Health literacy is considered an important determinant of health disparities. It is therefore important to have insight into health literacy skills of the general population within countries. Little is known on the health literacy skills of the general population in EU member states. The aim of our study was to examine whether census data can be used to provide a reliable indication of health literacy skills on population level in EU member states.
Methods
Dutch data derived from the European Health Literacy Survey (HLS-EU) and the Adult Literacy and Life Skills Survey (ALL) were used to develop prediction models to predict subjective (self-reported) and objective (tested) health literacy.
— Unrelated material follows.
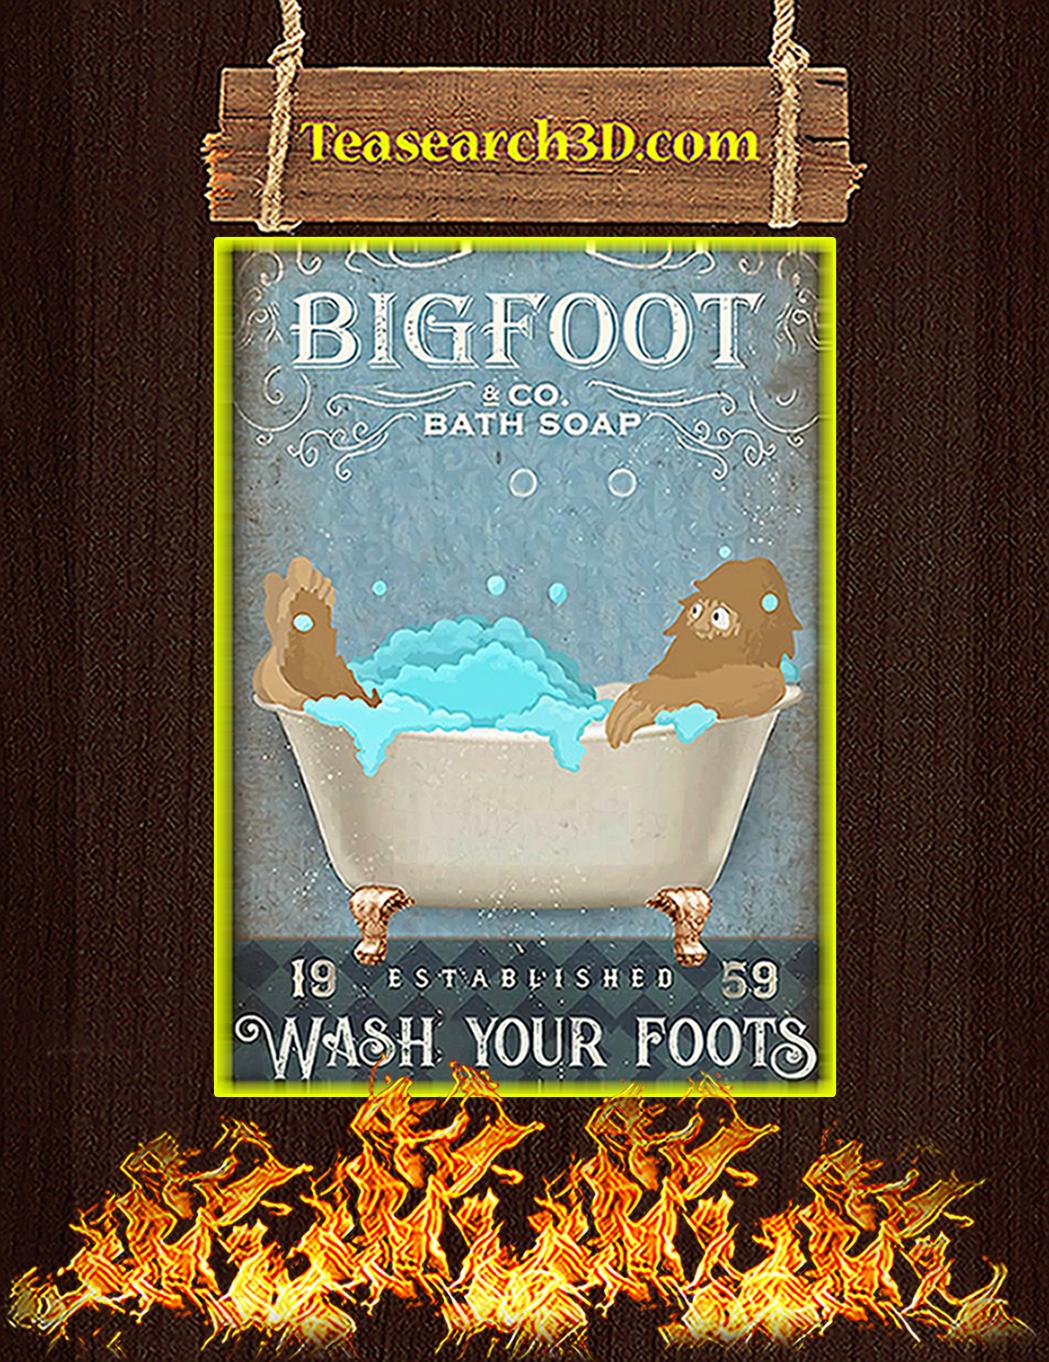 Bigfoot bath soap co wash your foots poster A1

The HLSEU data includes a subjective measure of health literacy and the ALL an objective measure. Stepwise linear regression analyses were applied to build one model to predict subjective health literacy and one to predict objective health literacy based on a random 2/3 of the Dutch HLS-EU data and ALL data. The models were validated based on the remaining 1/3 of both datasets and on HLS-EU data from seven other EU countries.
Results
Level of education, age, sex, income, working status and urbanization were included as predictors in the models. In the final models that included merely significant predictors (p < .05), education was an important predictor of subjective as well as objective health literacy. Age and working status significantly predicted objective health literacy. Sex and income significantly predicted subjective health literacy. The prediction models provided a reliable indication of health literacy when applied in the same population. The reliability of the models in other EU countries varied per country.
Conclusions
Census data can provide a reliable estimation of national health literacy levels in most countries. The prediction models can be used to provide an indication of health literacy when health literacy measures are absent.